In an interview with The Philadelphia Inquirer, the brother-in-law, Anand Adya, described Kulkarni as friendly, but also somewhat secretive. He struggled financially early in their marriage and often asked him for loans. Things seemed to stabilize about five years ago, but Kulkarni had asked for another loan last December.
Also, I find it unusual that a middle-aged couple with seemingly stable careers would continue to rent instead of owning their own home. Local real-estate records don’t show any deeds registered under the couple’s name. This is not to say that renting per se is a bad financial decision.
If I were broke, the last people I would ask for loans are my in-laws. That would be a big blow to my ego. It takes a lot of humility and desperation to borrow money from the brother of the wife that I’ve sworn to financially support.
Kulkarni’s brother-in-law, Adya, as it turns out, appears to be a successful entrepreneur. He’s the founder of Greenlight Technologies and was even awarded “New Jersey C.E.O. of the Year” by US Business News.
Could it be that Kulkarni felt like a loser in comparison and couldn’t cope with failure?
Whether the motive is to escape poverty, divorce, jealousy, or in rare-cases, revenge (to make surviving relatives guilty), nobody knows. But there’s a strong reason to believe that the family’s finances were in dire straights.
“Death is for the best interest of the family”
Among the four types, I believe this is a hybrid case of anomic and altruistic murder-suicide. Before committing this ghastly act, Kulkarni must have tried to self-justify two decisions: (1) whether to kill himself and (2) whether to kill his family. The first is anomic, while the second is altruistic.

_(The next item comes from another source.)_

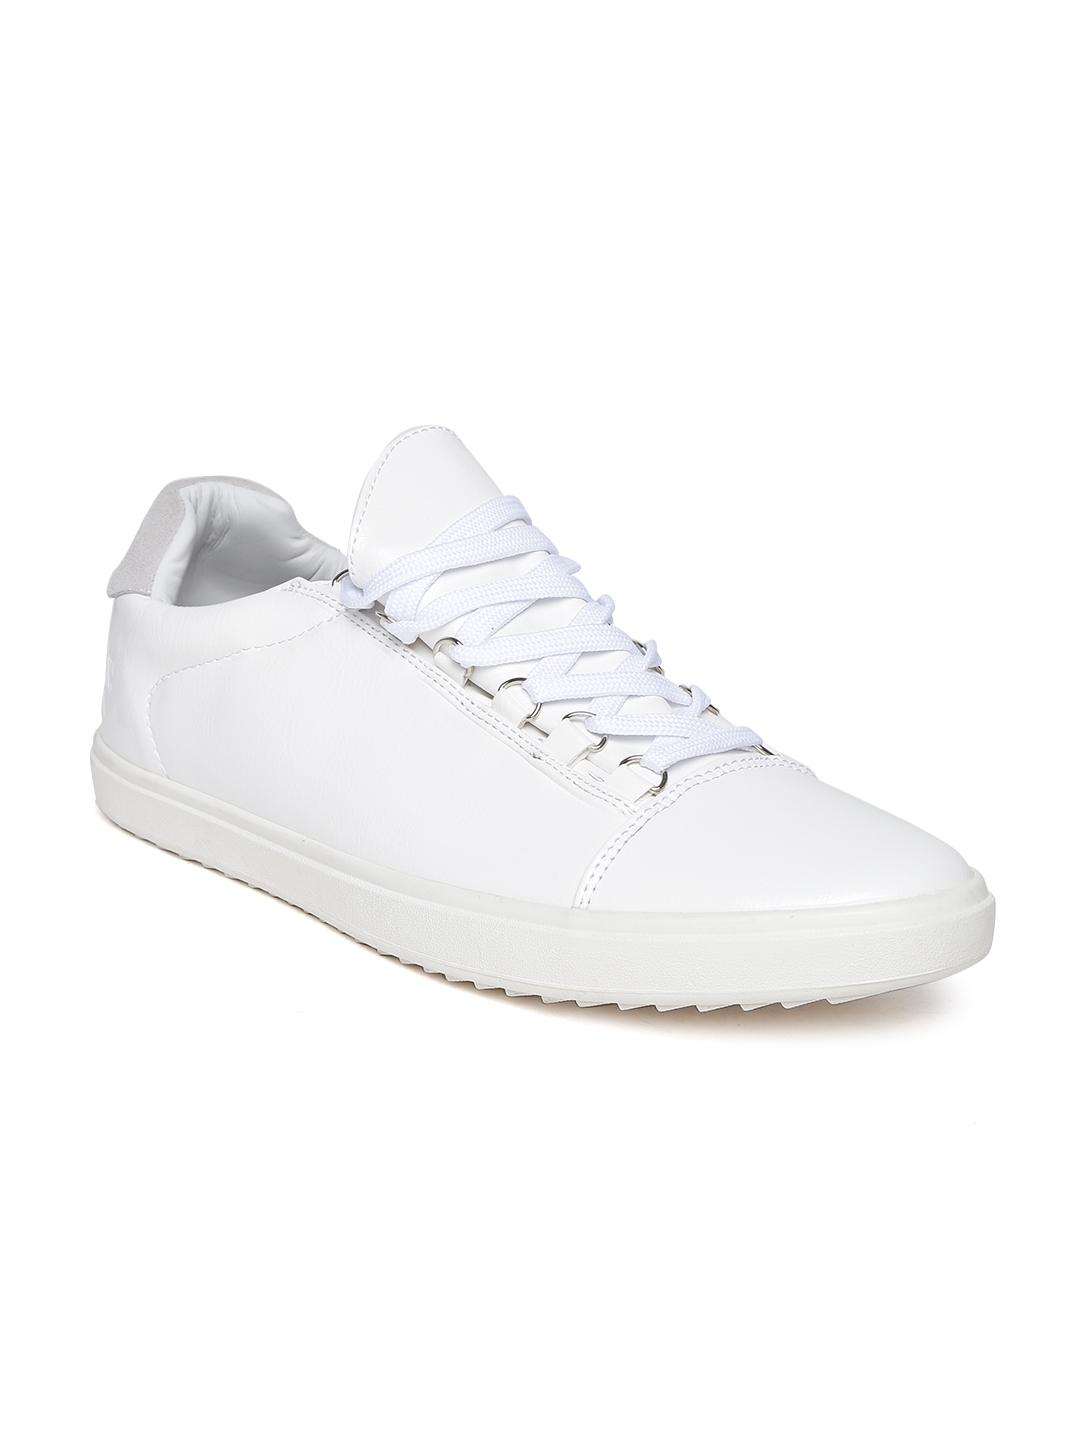 Buy Numero Uno Men White Solid Sneakers - Casual Shoes for Men 1543035 ...

Anomic comes from the word anomie (derived from the French word anomia or lawlessness). Anomie can occur when there are radical and significant changes in the person’s social, economic, and even political environment.
I believe financial insecurity due to indebtedness was the major contributing factor. Coupled with a lack of social interaction, the drastic changes to the work environment caused by the pandemic was secondary. The D.C. riots that caused some political instability probably didn’t help either.
Like what Durkheim wrote in his book, he must have felt a sense of futility, lack of purpose, emotional emptiness, and despair. Striving is useless because there is no accepted definition of what is desirable.
In Kulkarni’s view, he might have felt that their collective death is for the best interest of the family— whose members he all viewed as “possessions”—-than to live in shame (if him alone committing suicide), fear, chaos, poverty, and indebtedness. In this sense, the killing is altruistic.
Easy access to guns is a major risk factor
There is no denying, America has a gun problem. The numbers do not lie:
“Compared to Canada, the United States has three times more familicide; compared to Britain, eight times more; and compared to Australia, 15 times more.”
“More incidents of murder-suicide occur with guns than with any other weapon. Access to a gun is a major risk factor in familicide because it allows the perpetrator to act on his or her rage and impulses.”
“In 591 murder-suicides, 92 percent were committed with a gun. States with less restrictive gun control laws have as much as eight times the rate of murder-suicides as those with the most restrictive gun control laws.”
I’m not against the 2nd amendment, but effective gun control should be put in place.
America’s “cowboy mentality” needs to stop.